Automated Utterance Labeling of Conversations Using Natural Language Processing
Maria Laricheva, Chiyu Zhang, Yan Liu, Guanyu Chen, Terence Tracey,, Richard Young, Giuseppe Carenini

TL;DR
This paper presents an NLP-based automated utterance labeling system for psychological conversations, addressing challenges like multilabel classification and limited data, and demonstrates its effectiveness compared to human labels.
Contribution
It introduces a deep learning approach with domain adaptation and a hierarchical labeling system tailored for psychological conversational data, improving automation and analysis.
Findings
RoBERTa-CON outperforms other machine learning methods
Hierarchical labeling aids strategic data analysis
Automated labels are comparable to human labels in accuracy
Abstract
Conversational data is essential in psychology because it can help researchers understand individuals cognitive processes, emotions, and behaviors.

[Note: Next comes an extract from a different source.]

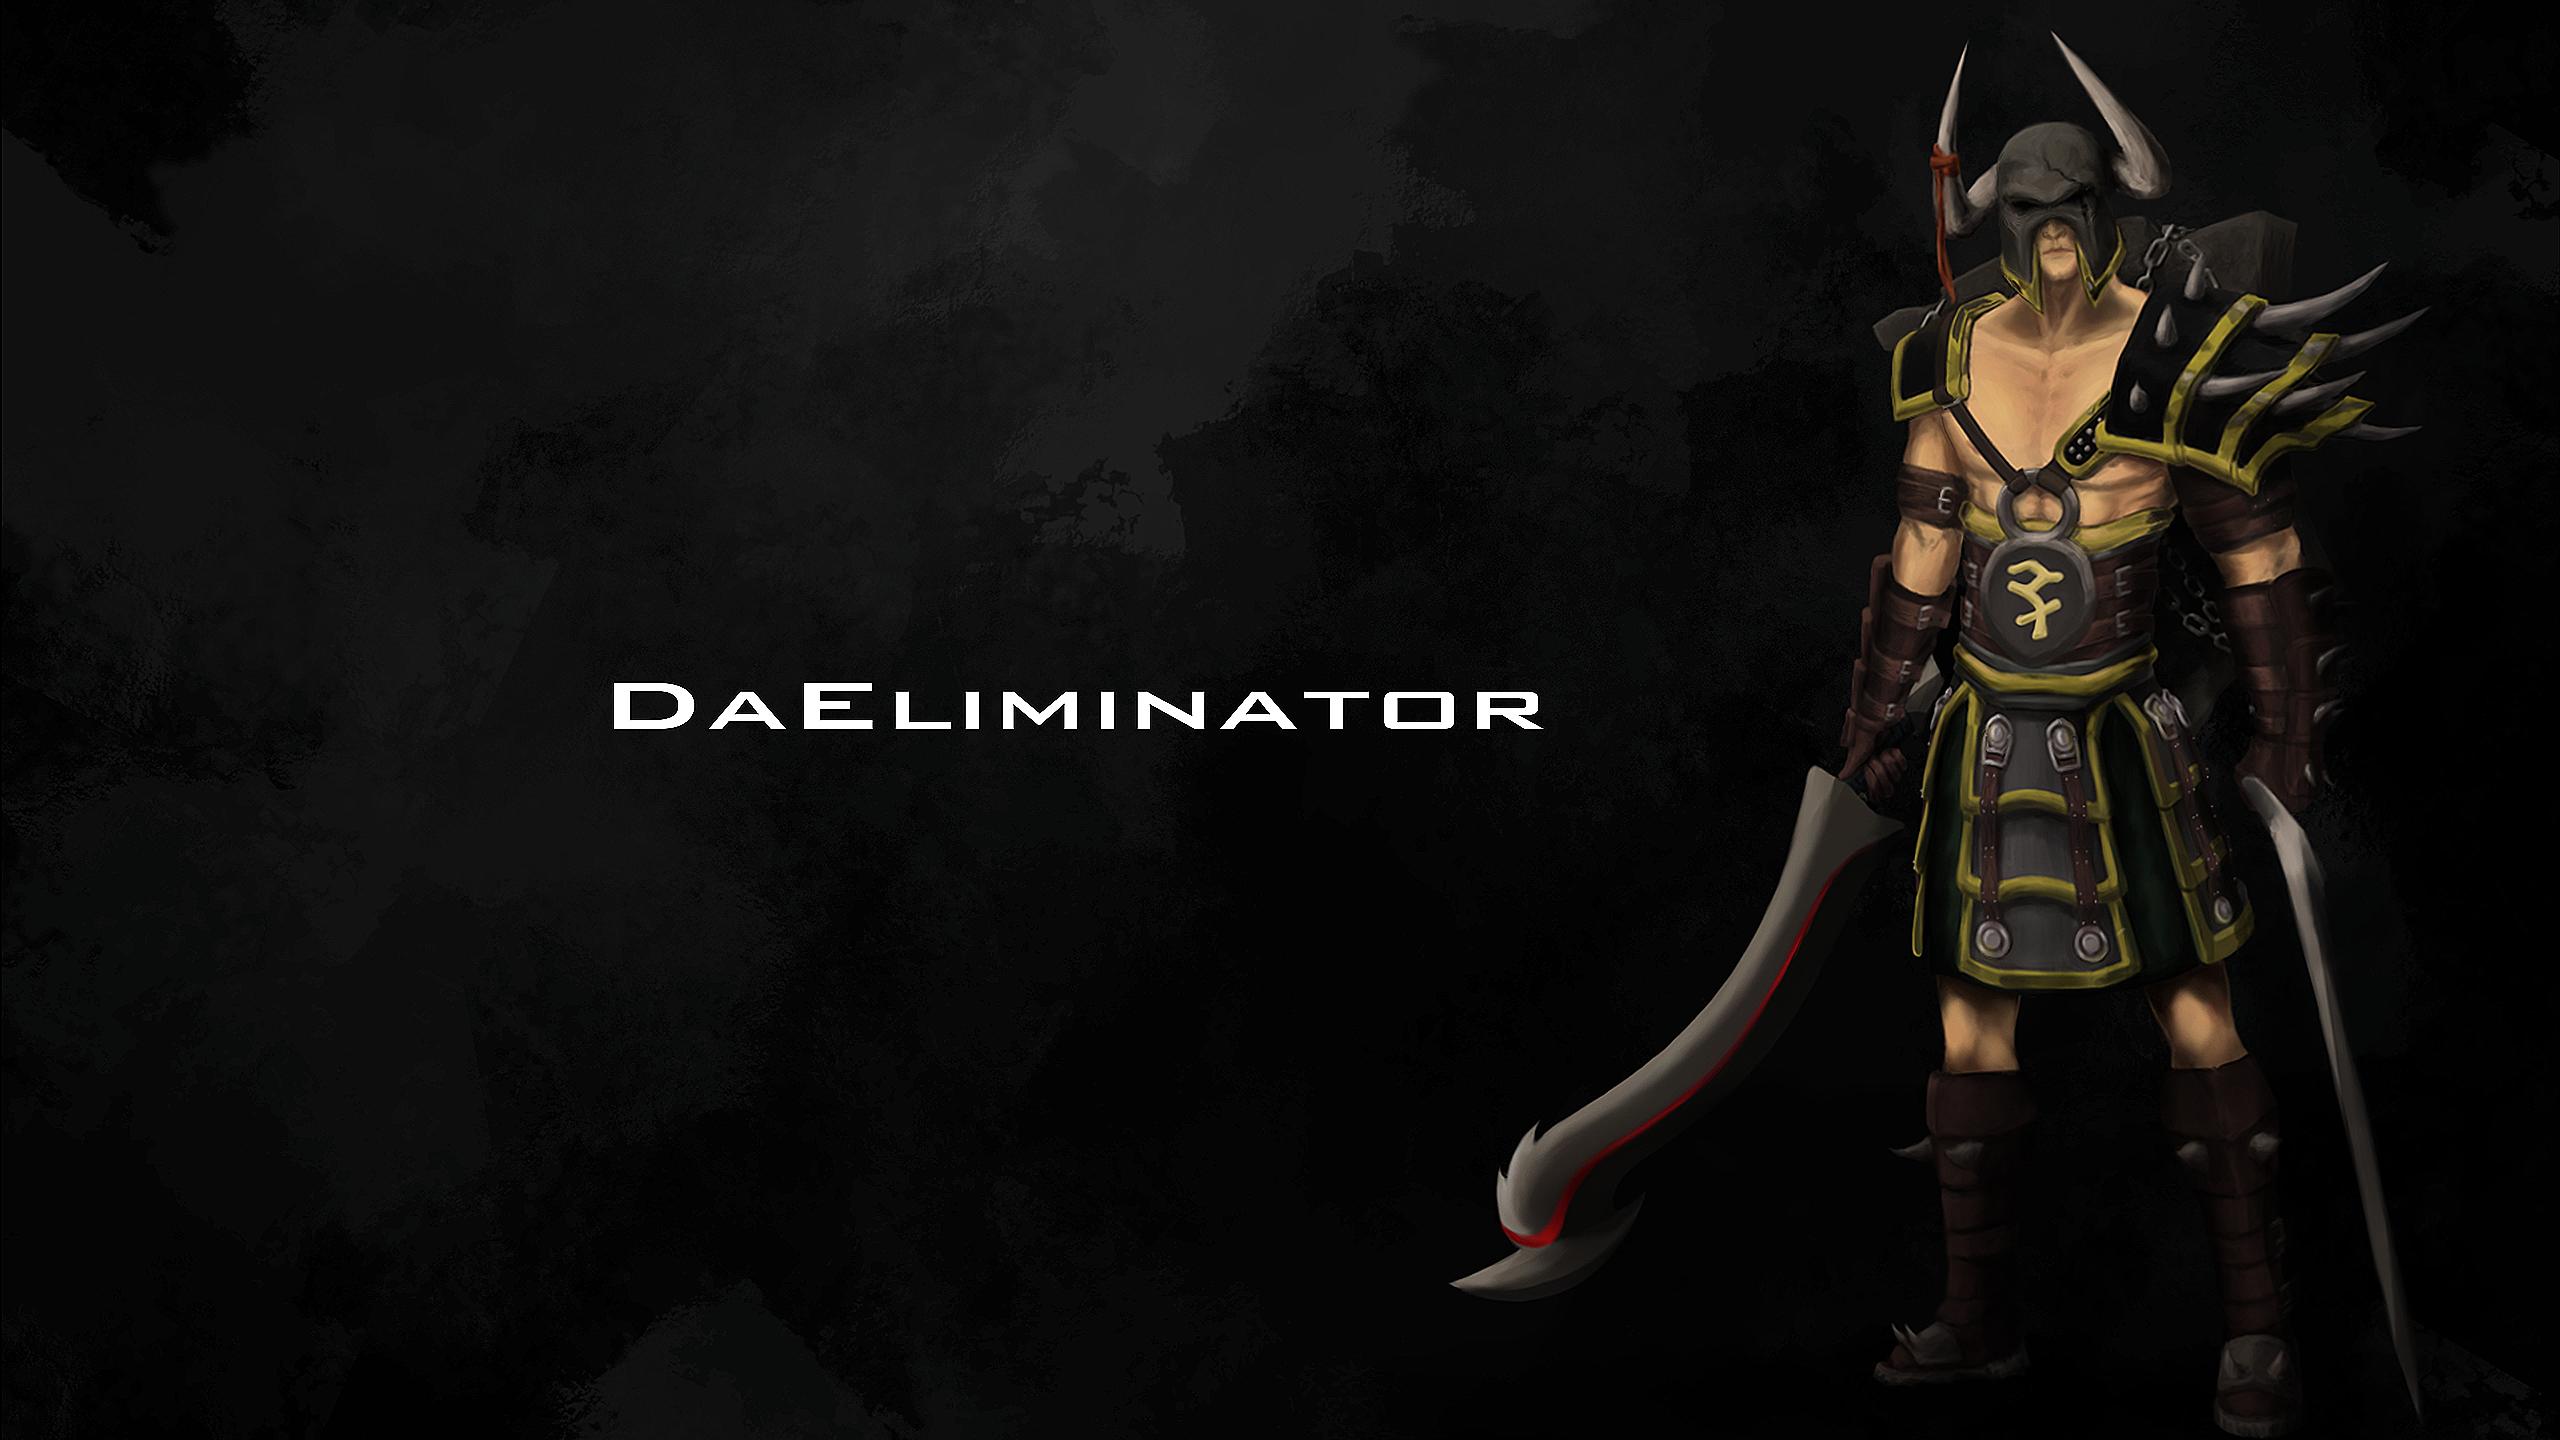 RuneScape EoC [Melee] Bandos Warrior by DaEliminator
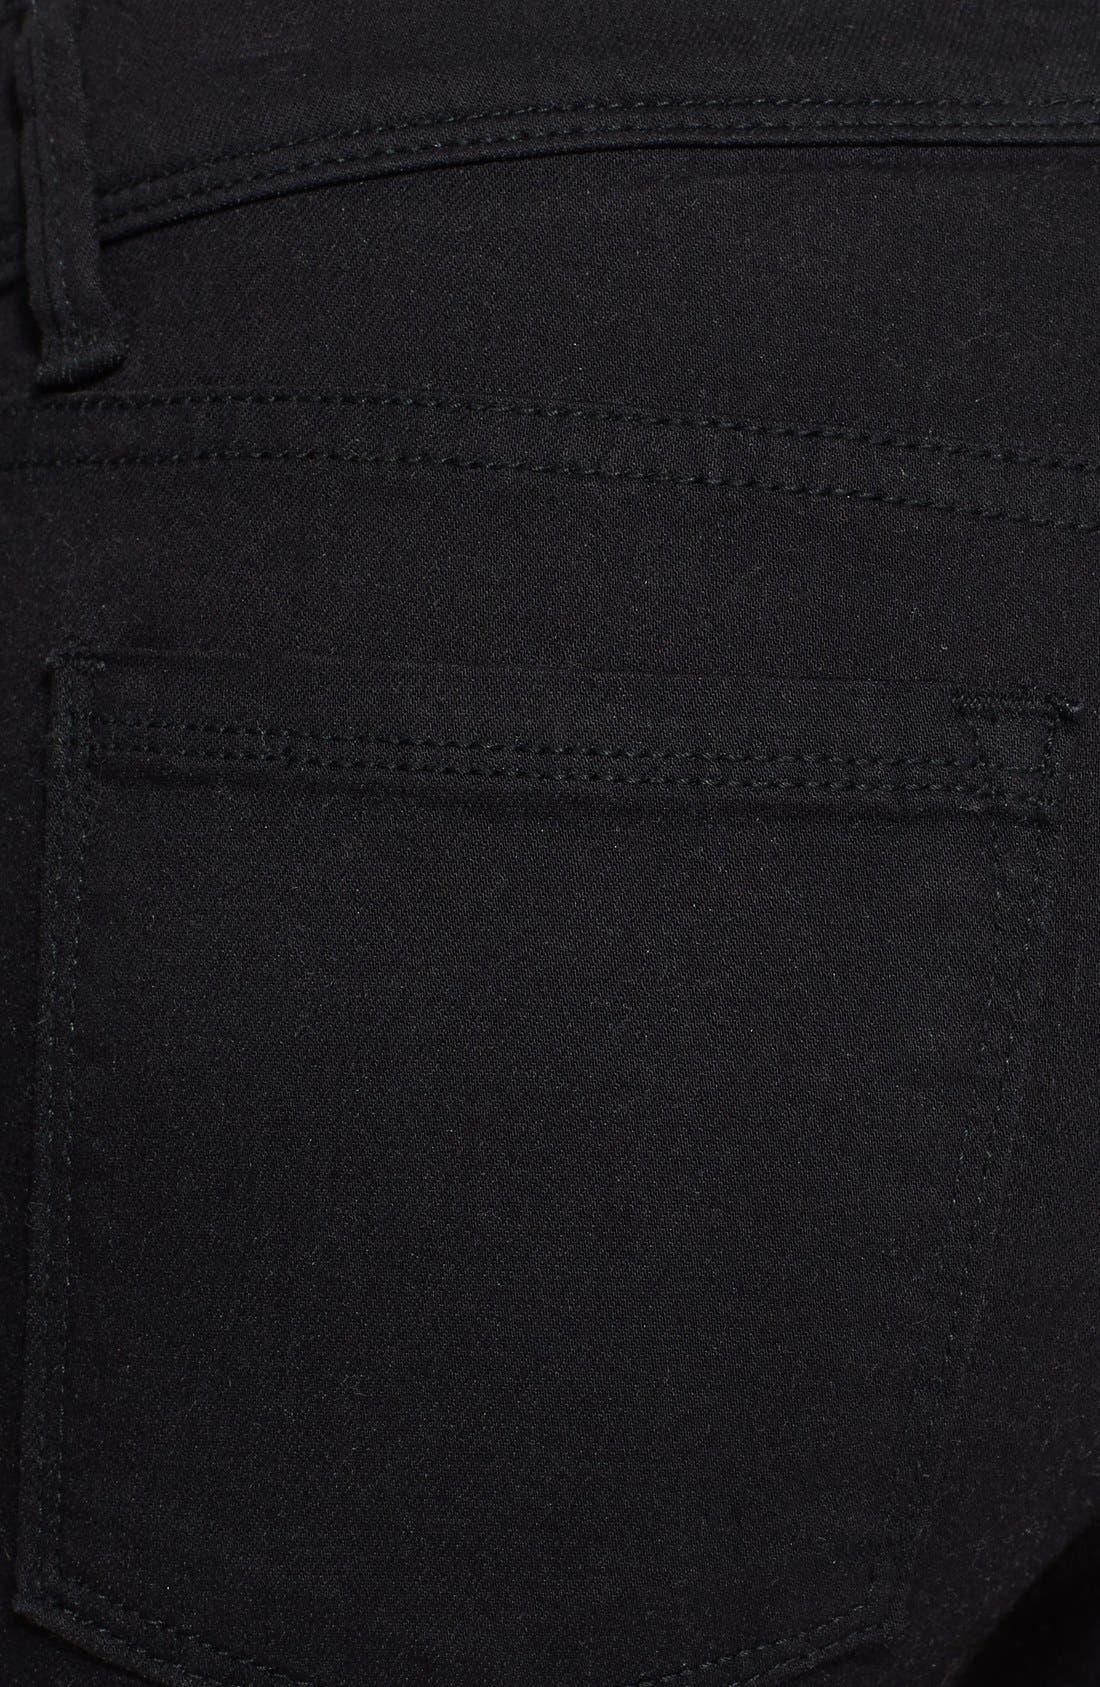 'Roller' Crop Skinny Jeans,                             Alternate thumbnail 3, color,                             Black

Utterance labelling is a common strategy for analyzing this type of data. The development of NLP algorithms allows researchers to automate this task. However, psychological conversational data present some challenges to NLP researchers, including multilabel classification, a large number of classes, and limited available data. This study explored how automated labels generated by NLP methods are comparable to human labels in the context of conversations on adulthood transition. We proposed strategies to handle three common challenges raised in psychological studies. Our findings showed that the deep learning method with domain adaptation (RoBERTa-CON) outperformed all other machine learning methods; and the hierarchical labelling system that…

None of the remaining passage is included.